• THE TASK
Taking the data below, please print only the lines from the line holding "Hipper junger Mann" to the line holding "Estate Sale - Tiffany’s Silver Jewelry", inclusive, with pictures omitted.

• LISTED RECORDS
+ + + + + + +
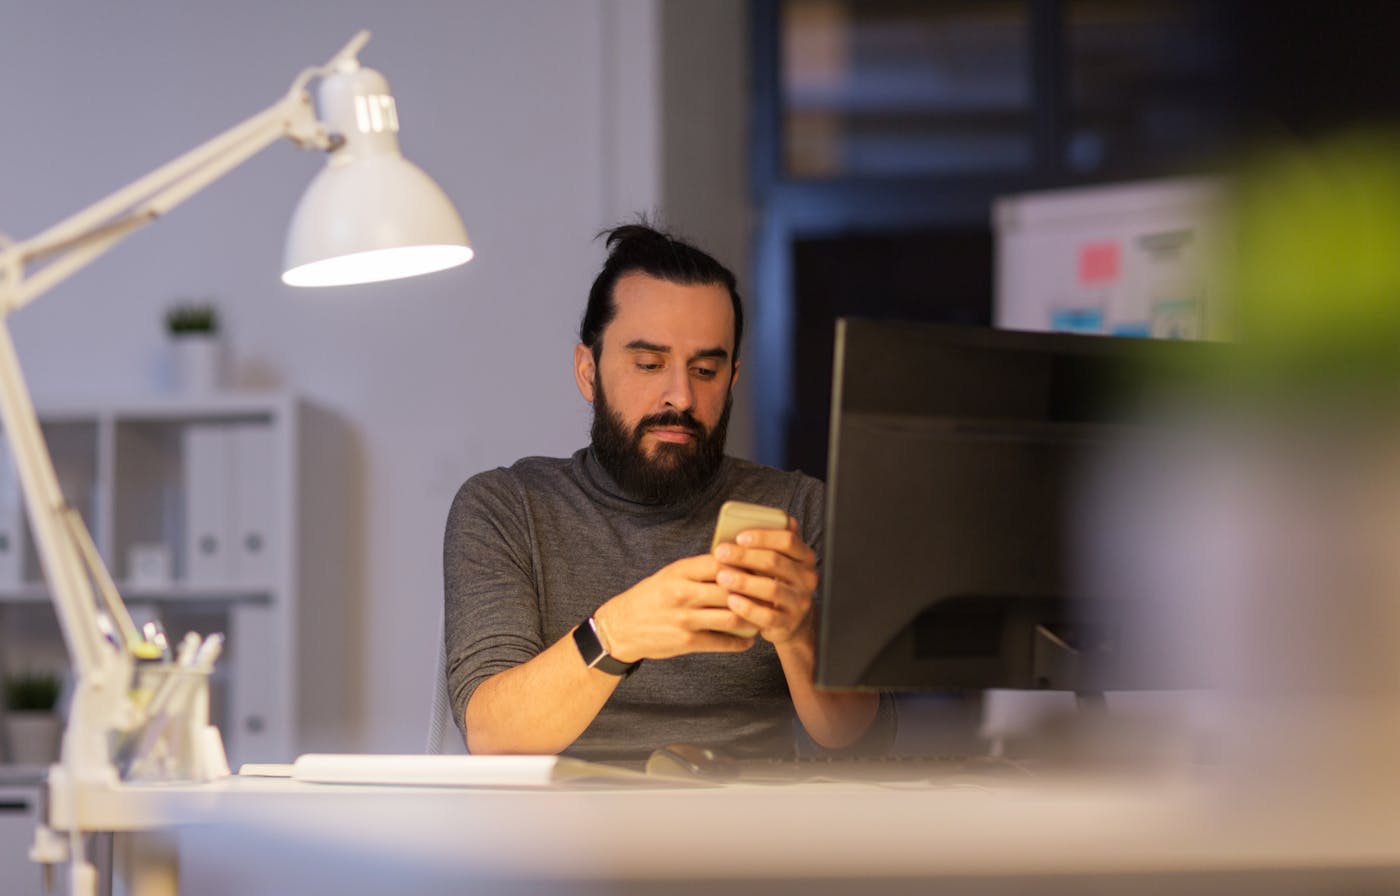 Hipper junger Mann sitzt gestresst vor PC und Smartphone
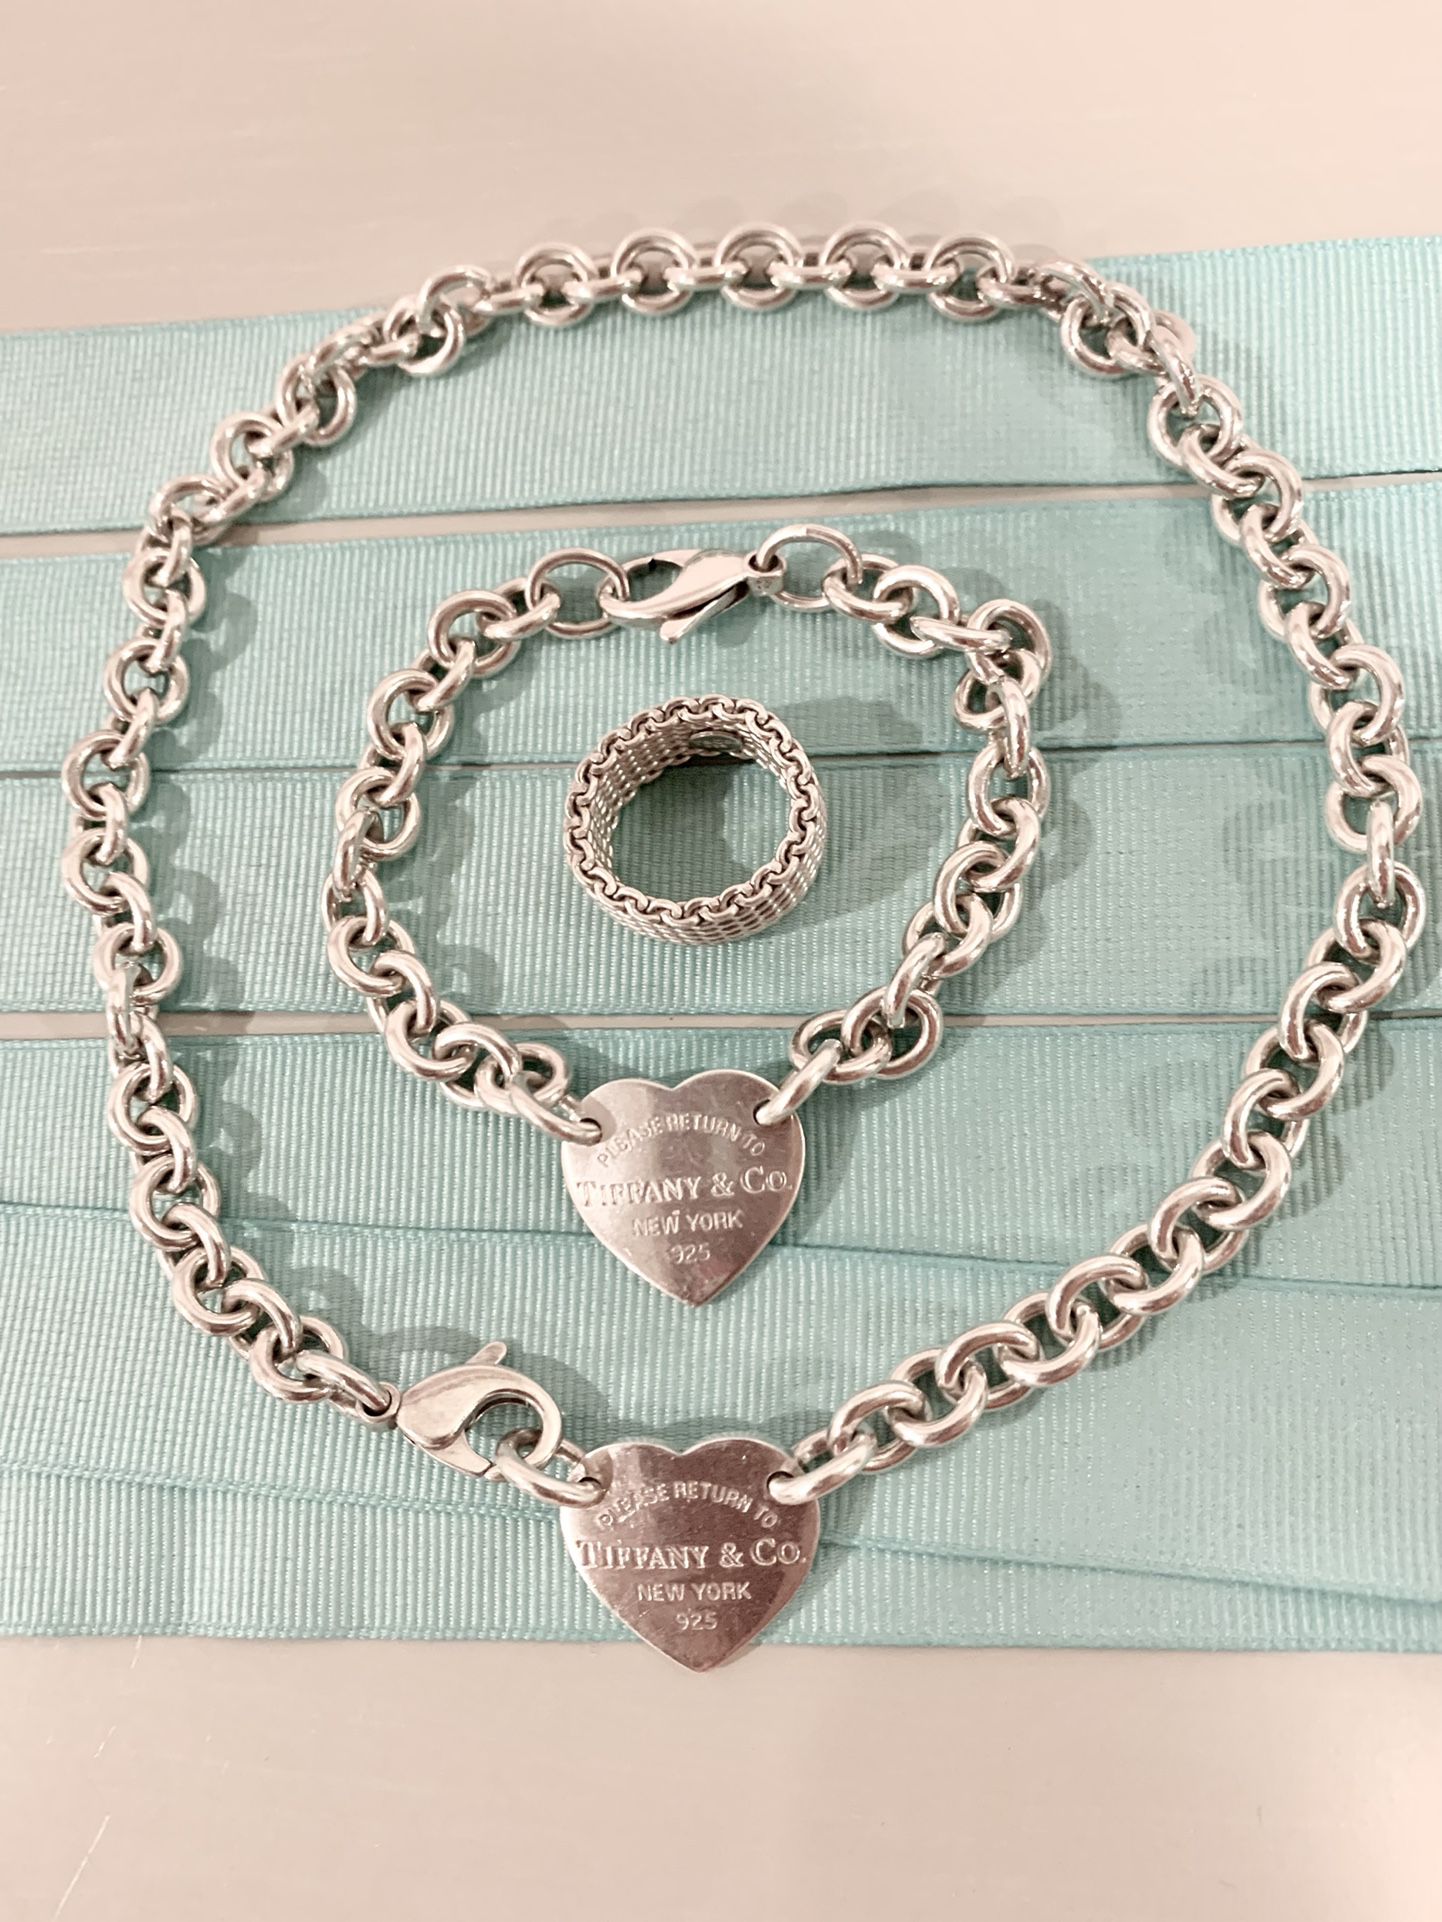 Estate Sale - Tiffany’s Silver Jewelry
+ + + + + + +
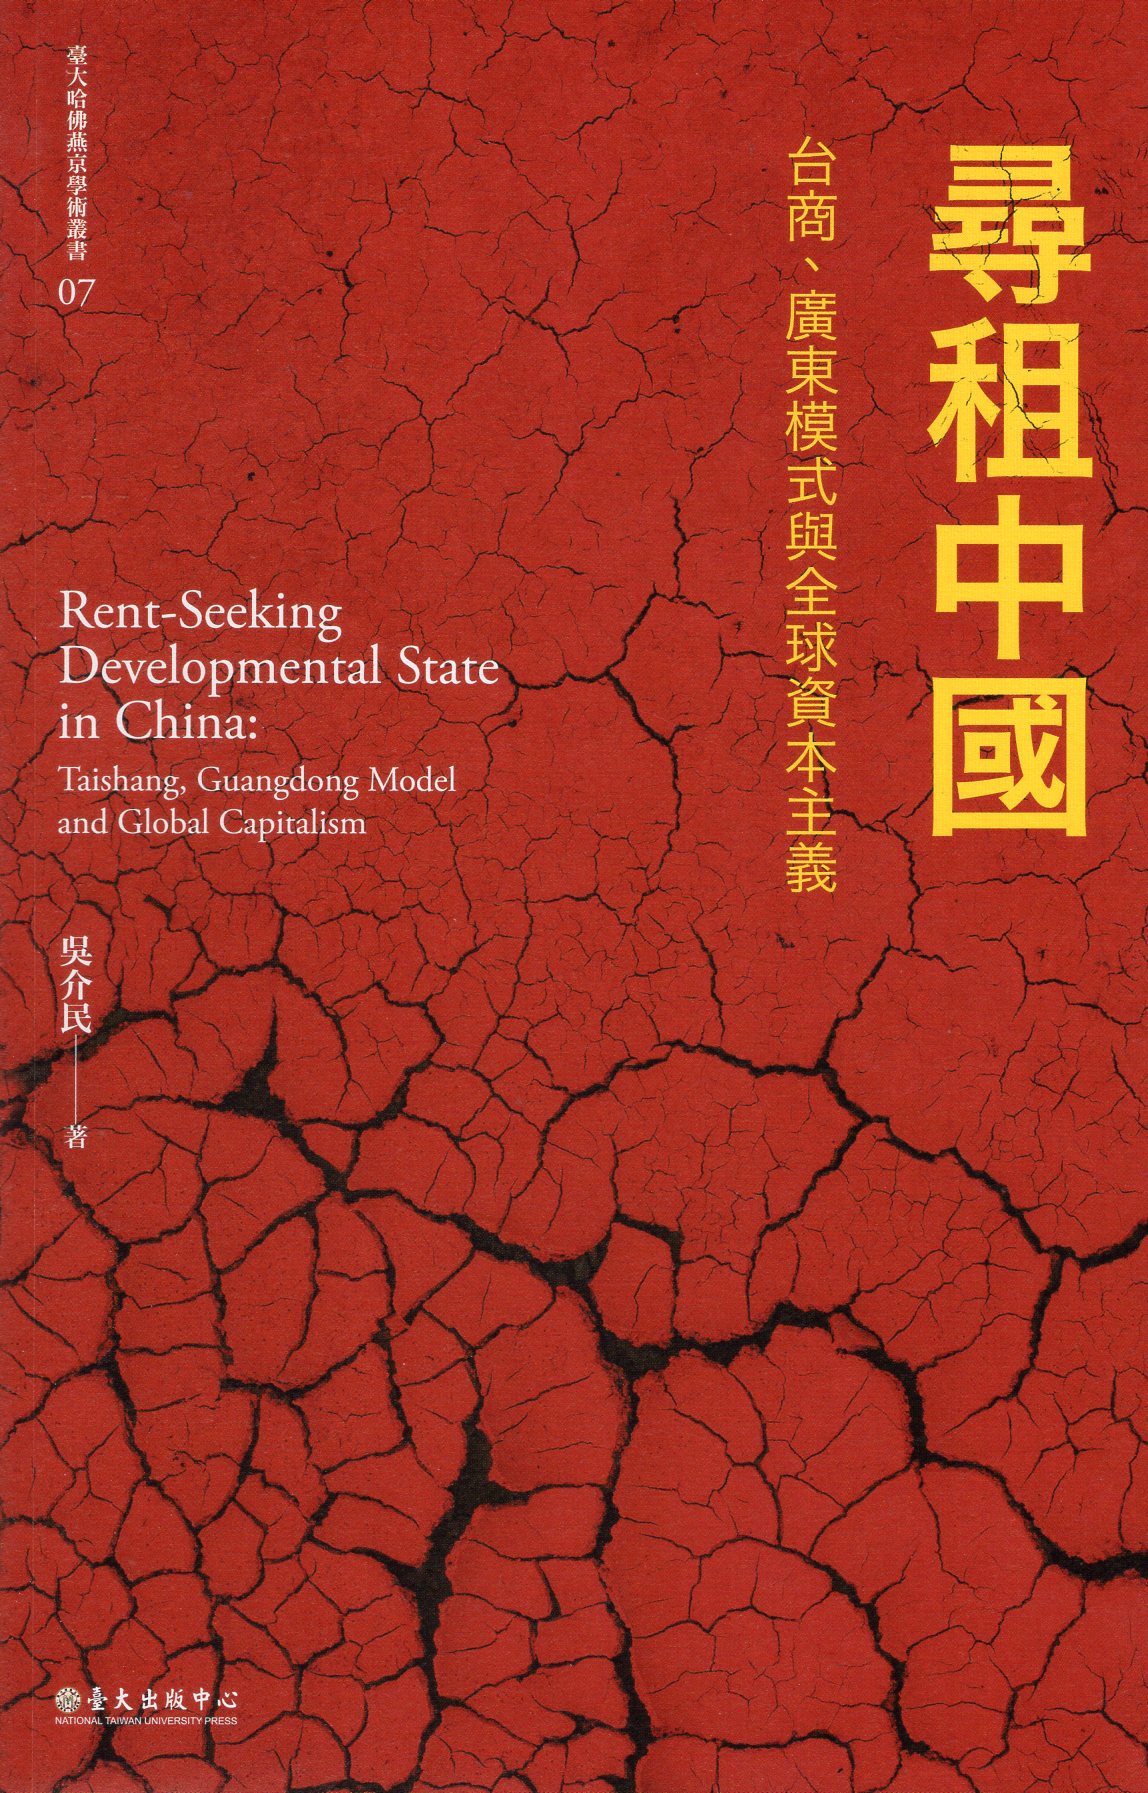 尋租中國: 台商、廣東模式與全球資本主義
+ + + + + + +
• REPLY TO THE EXERCISE
 Hipper junger Mann sitzt gestresst vor PC und Smartphone
 Estate Sale - Tiffany’s Silver Jewelry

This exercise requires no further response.